# A couple of Gesshin Kagekiyo with Ebony Handles



## JBroida (Jun 7, 2017)

We've only got 2 in stock (when i do custom orders from some makers, i have to order 2-3 of the item just in case something goes wrong with the one)... i know some people prefer ebony handles to the lacquer ones we normally do on the series. Anyways, here they are...

300mm White #1 Gesshin Kagekiyo Yanagiba with Ebony Octagon handle and Black Hon-Urushi (Lacquer) Saya
https://www.japaneseknifeimports.co...kiyo-300mm-white-1-yanagiba-with-ebony-handle


----------



## khashy (Jun 7, 2017)

The Kagekiyos are by far, i mean measured in light years, the best F&F of any blade I have seen to date.

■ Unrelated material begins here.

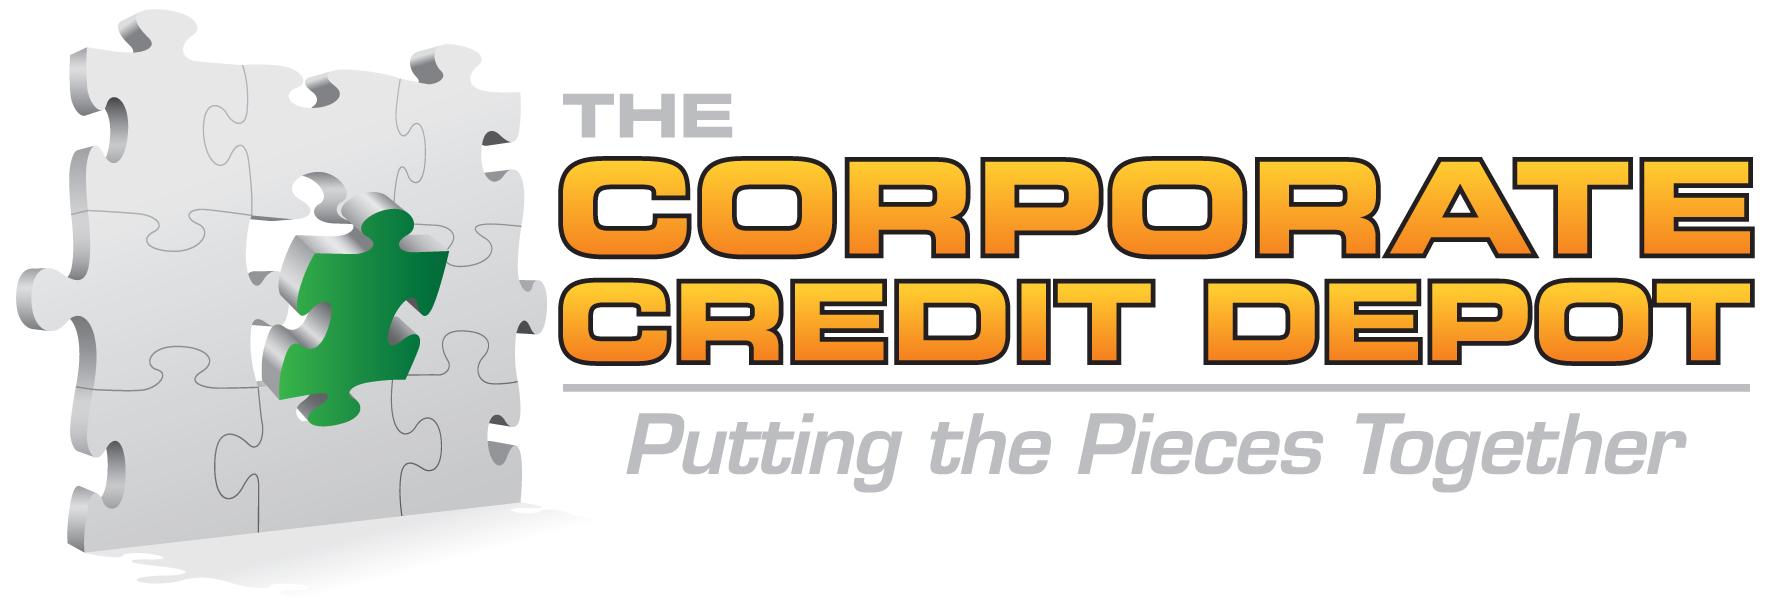 The Corporate Credit Depot in Laguna Hills, CA, 25602 Alicia Pkwy ...

Btw, Good shots of a gorgeous knife Jon.


----------



## JBroida (Jun 7, 2017)

khashy said:


> The Kagekiyos are by far, i mean measured in light years, the best F&F of any blade I have seen to date.
> 
> Btw, Good shots of a gorgeous knife Jon.



got new lighting


----------



## dwalker (Jun 7, 2017)

Those look great. I wish I was currently in the market for one.


----------



## milkbaby (Jun 7, 2017)

HOT :thumbsup:


----------